* PROMPT *
Reproduce the listing that follows in full. Omit its images.

* DATA PROVIDED *
■ ■ ■ ■ ■
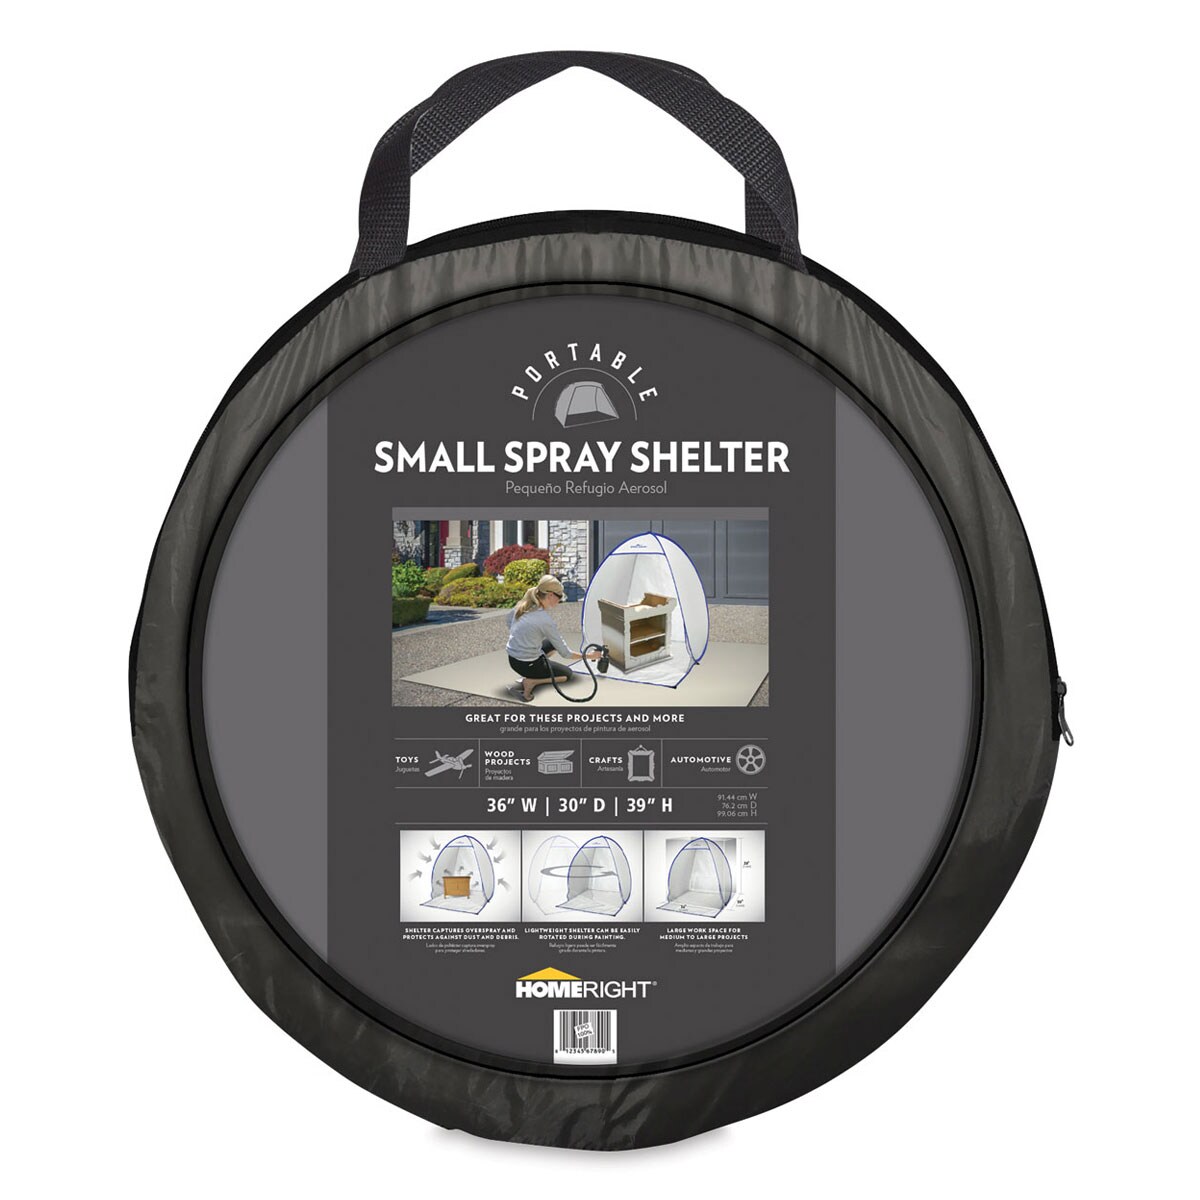 HomeRight Spray Shelter - Small
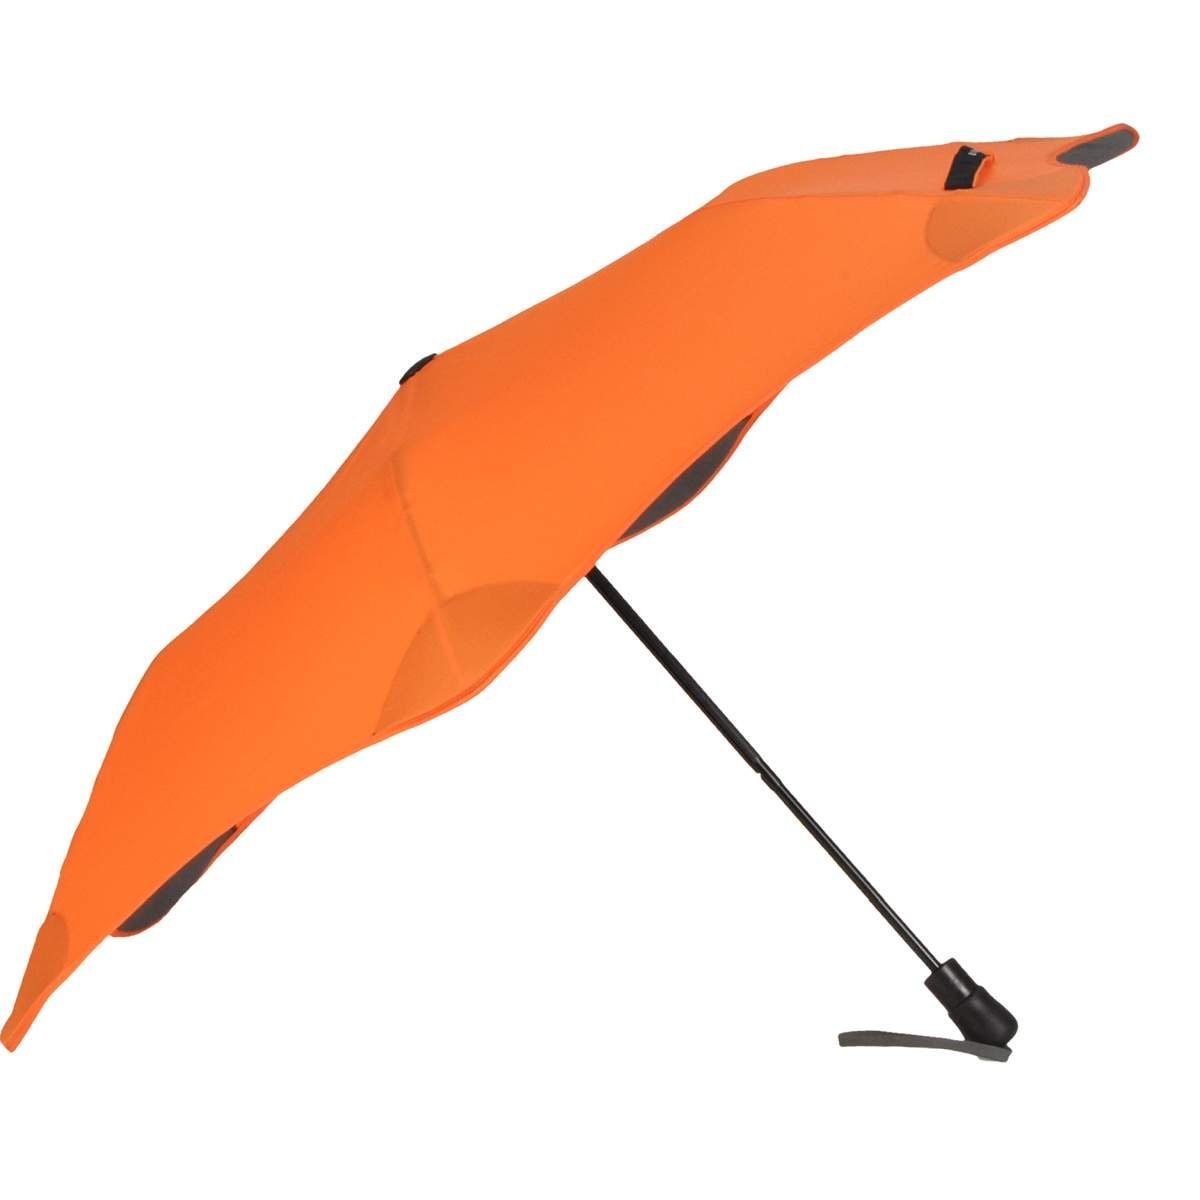 Taschenschirm, für Auto unterwegs, und Blunt Taschenregenschirm Regenschirm, Durchmesser 96cm orange Metro,
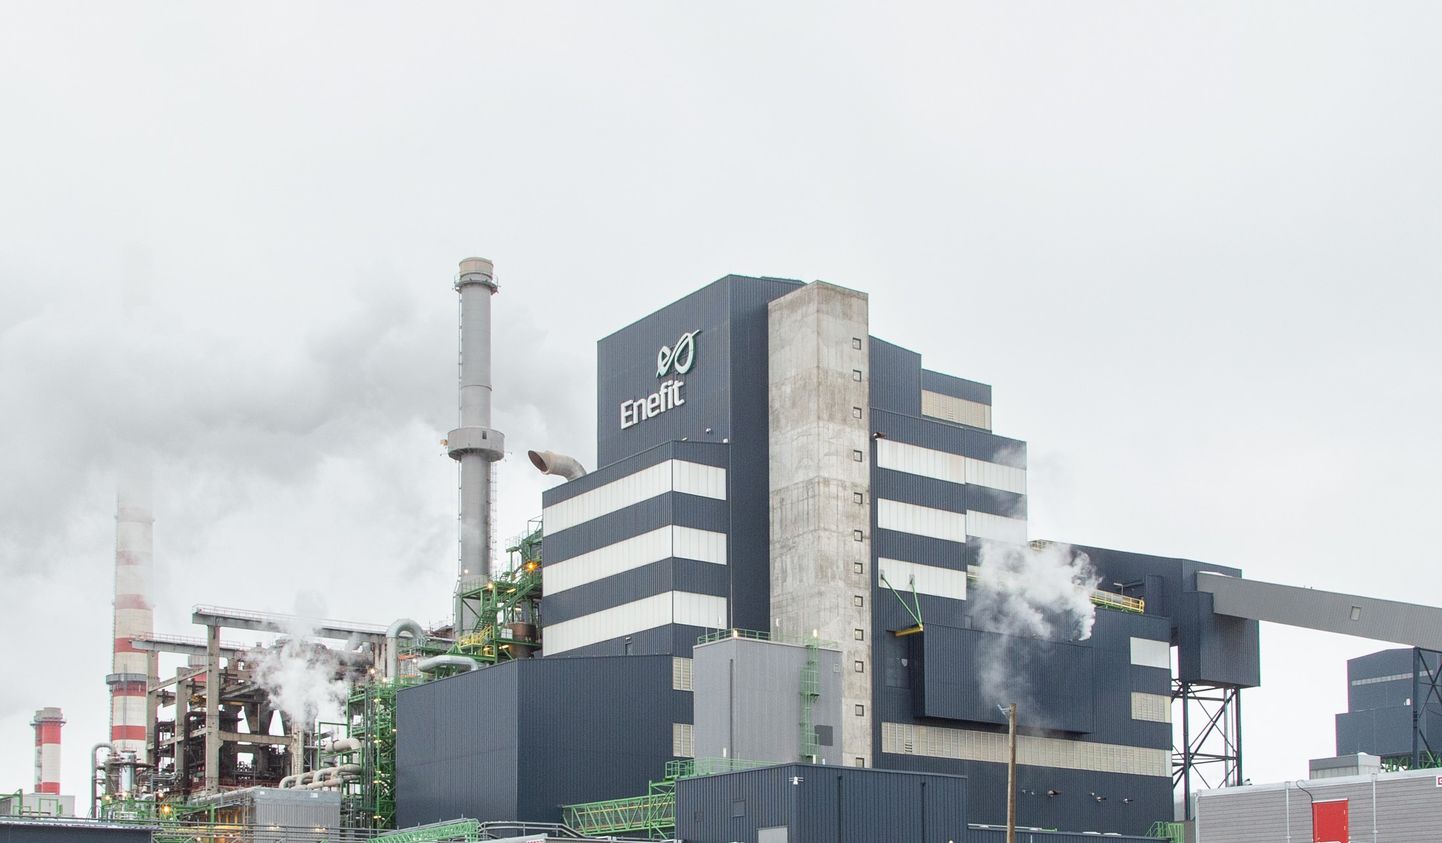 Повышение налогов на загрязнение увеличит себестоимость производства масла на Аувереском заводе масел.
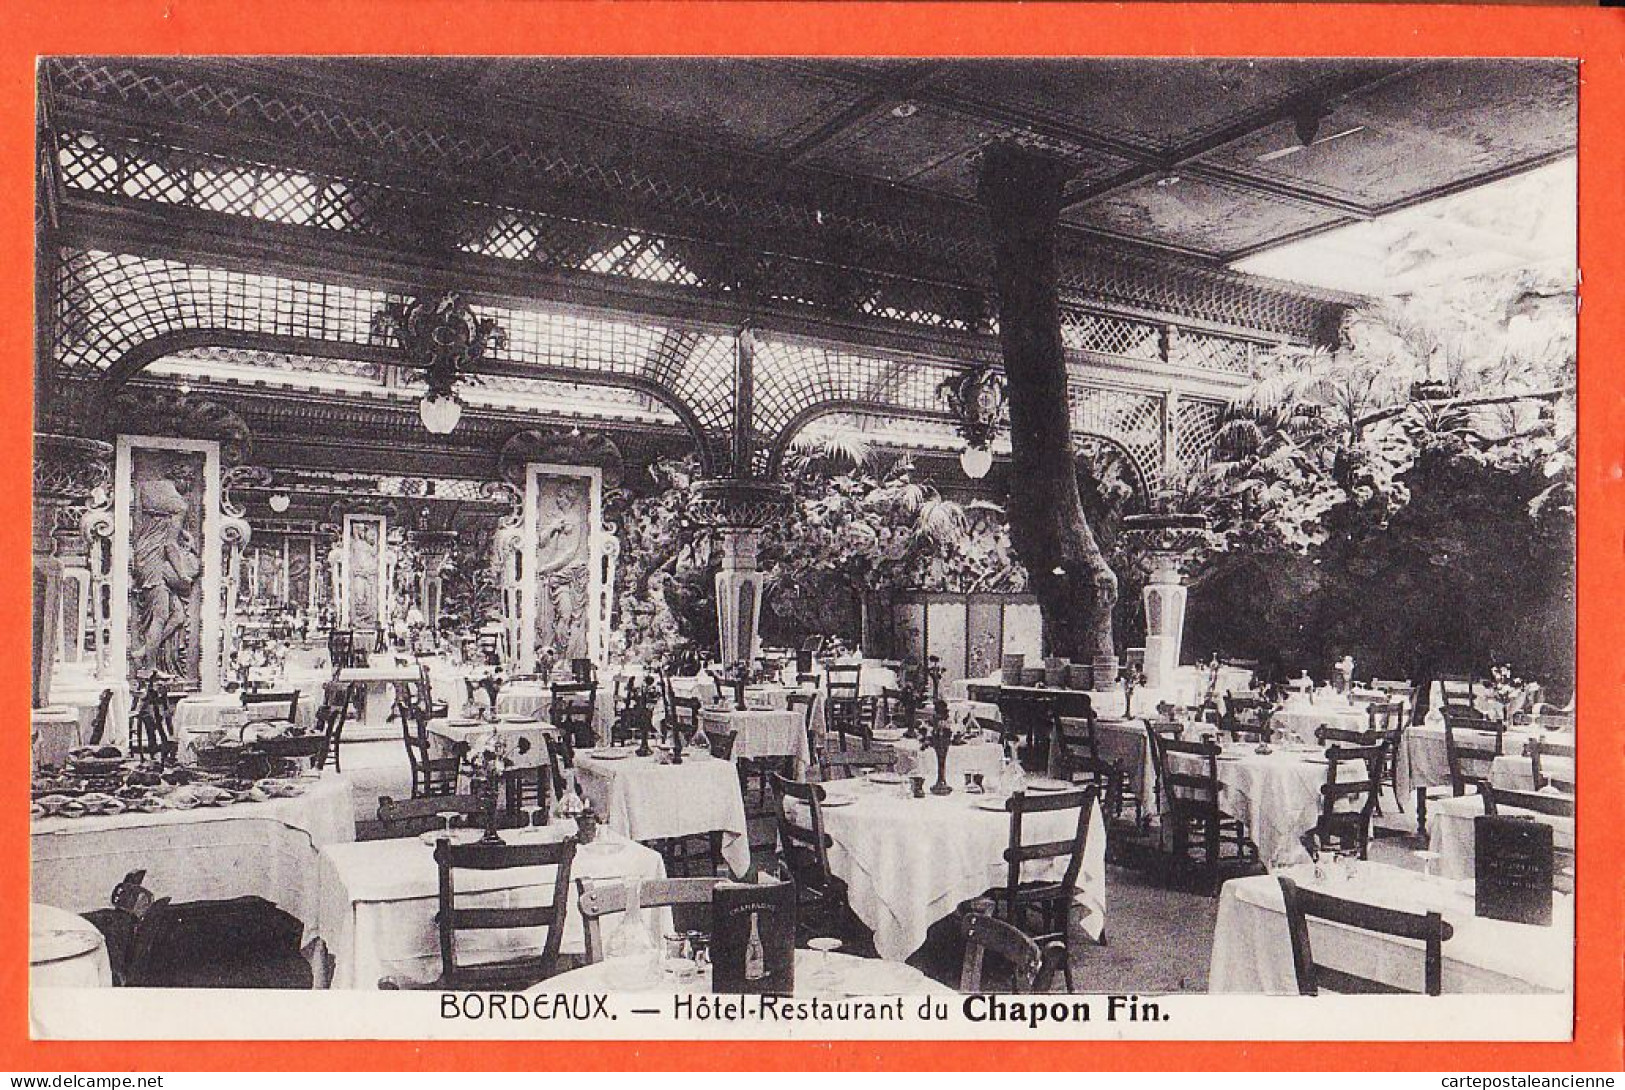 28406 / Tarif Caisse Vin 25 Ou 50 Bouteilles Assorties Millésime 1899 à 1904 BORDEAUX (33) Hotel-Restaurant CHAPON FIN - Bordeaux
■ ■ ■ ■ ■
* TASK RESPONSE *
 HomeRight Spray Shelter - Small
 Taschenschirm, für Auto unterwegs, und Blunt Taschenregenschirm Regenschirm, Durchmesser 96cm orange Metro,
 Повышение налогов на загрязнение увеличит себестоимость производства масла на Аувереском заводе масел.
 28406 / Tarif Caisse Vin 25 Ou 50 Bouteilles Assorties Millésime 1899 à 1904 BORDEAUX (33) Hotel-Restaurant CHAPON FIN - Bordeaux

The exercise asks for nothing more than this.